Francesca Comencini: It started out of curiosity ; I wanted to understand a mechanics I had heard of, and see for myself if it really existed and how it operated. The fact that people are made outcasts and the way their sense of identity is gradually destroyed proceed from converging factors, economic, social, and human ones. This mysterious phenomenon is very interesting, and slightly disturbing too, which makes it an excellent topic for a film. I chose an angle which allowed me to tackle several socio-economical issues in a moving cinematic way and thus avoid making just another manifest. For this particular problem affects people’s intimacy. This film is an expression of my solidarity with working women, especially mothers. I met many women who told me incredible stories I used for my film and wich I softened. In Italy, the influence of religion is so crucial that maternity and family are the building blocks of the whole society. So, to see in my country even mothers can be treated like that in a firm deeply shocked me.

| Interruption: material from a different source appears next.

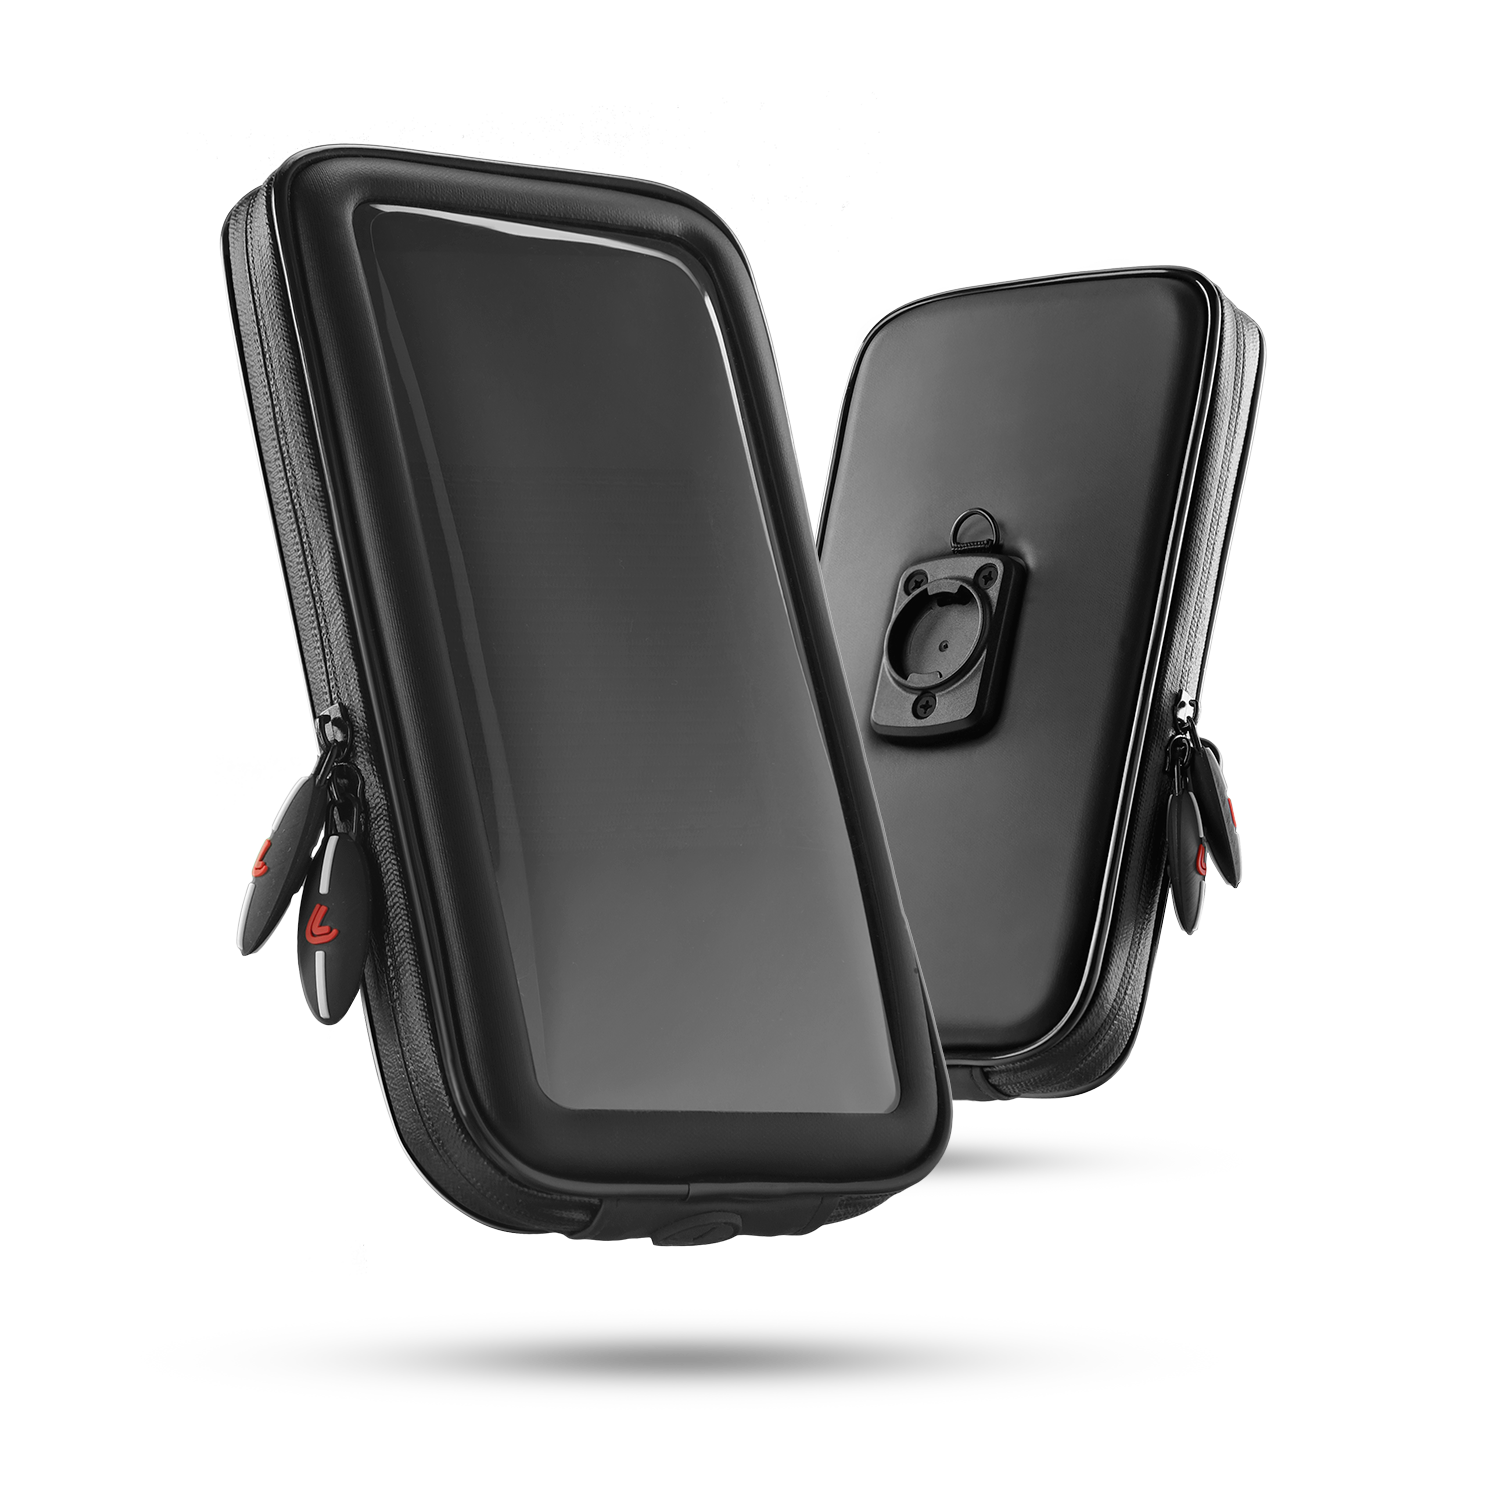 Supporto impermeabile porta cellulare telefono per la moto bici borsa  universale - NTL Nuova Tecnologia

What did you have in mind when you started shooting?
I used my experience in documentary. The working world has evolved since its last representations in Italian cinema. I knew I would have neither the financial possibility nor the capacity to present a totally fictional version of something the reality of which is hardly even known —that is, what happens in the corporate world. The whole film proceeds from a compromise between economic necessities and artistic choices. I decided to shoot in a real company in Rome. We were given empty offices, but around us people kept working and we infiltrated their world. The script and the dialogues were never put in writing; I hired non-professional actors through the company’s trade unions which brought their experience and taught us the language of the company. I tried to combine a documentary on a modern firm with a fiction on the emotional life and intimacy of this woman.

Anna, your main character, lives a practically autarchic life.
She is a lonely woman. The way work is organised today increases people’s solitude by fragmenting social structures, which prevents solidarity from operating and hinders social and political awareness. This is quite a big change compared to the image work and relationships at work used to have. Anna relates to an older generation of workers; her low wages and status make her a typical working-class woman, as existed in the past. Except in the past, female co-workers were friendly and they knew where they stood while in the modern world, people are very much on their own within the system. Besides, a single woman who has to raise her child, pay the rent, buy food and clothes in a city like Rome with such small wages cannot really afford to go out. So she shuts in on herself and her daughter. But every single woman who is alone with her kids get used to that too.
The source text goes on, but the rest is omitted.